→ **What is needed**: With the line containing "WR10x7.5x3.75 Case" as the starting point, write out each line exactly through the final line of the listing, both ends included.

%%

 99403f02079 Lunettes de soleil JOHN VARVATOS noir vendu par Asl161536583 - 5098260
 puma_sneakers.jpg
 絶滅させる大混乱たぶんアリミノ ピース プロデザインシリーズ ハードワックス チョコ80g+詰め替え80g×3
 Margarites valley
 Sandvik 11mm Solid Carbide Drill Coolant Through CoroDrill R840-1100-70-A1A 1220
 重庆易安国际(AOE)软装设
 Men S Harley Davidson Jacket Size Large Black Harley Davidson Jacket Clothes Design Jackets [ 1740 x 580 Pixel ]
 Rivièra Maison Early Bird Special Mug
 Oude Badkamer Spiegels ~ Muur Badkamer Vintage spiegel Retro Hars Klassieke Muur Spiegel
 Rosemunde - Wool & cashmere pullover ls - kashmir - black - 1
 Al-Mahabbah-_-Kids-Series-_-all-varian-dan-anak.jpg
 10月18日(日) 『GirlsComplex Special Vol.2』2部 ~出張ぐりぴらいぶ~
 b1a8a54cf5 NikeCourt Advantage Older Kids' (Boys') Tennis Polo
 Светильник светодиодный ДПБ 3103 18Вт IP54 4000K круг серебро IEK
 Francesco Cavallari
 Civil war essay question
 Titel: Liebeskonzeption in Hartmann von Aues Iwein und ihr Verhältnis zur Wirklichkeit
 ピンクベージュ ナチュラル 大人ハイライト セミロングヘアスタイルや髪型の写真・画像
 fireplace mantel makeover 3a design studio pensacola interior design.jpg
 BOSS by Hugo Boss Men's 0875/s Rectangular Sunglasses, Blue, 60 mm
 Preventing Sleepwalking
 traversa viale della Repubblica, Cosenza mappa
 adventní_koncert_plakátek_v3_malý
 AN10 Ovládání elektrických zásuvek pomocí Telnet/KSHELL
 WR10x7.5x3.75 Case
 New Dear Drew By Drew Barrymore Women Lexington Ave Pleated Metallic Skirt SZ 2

%%

→ **Task result**:
 WR10x7.5x3.75 Case
 New Dear Drew By Drew Barrymore Women Lexington Ave Pleated Metallic Skirt SZ 2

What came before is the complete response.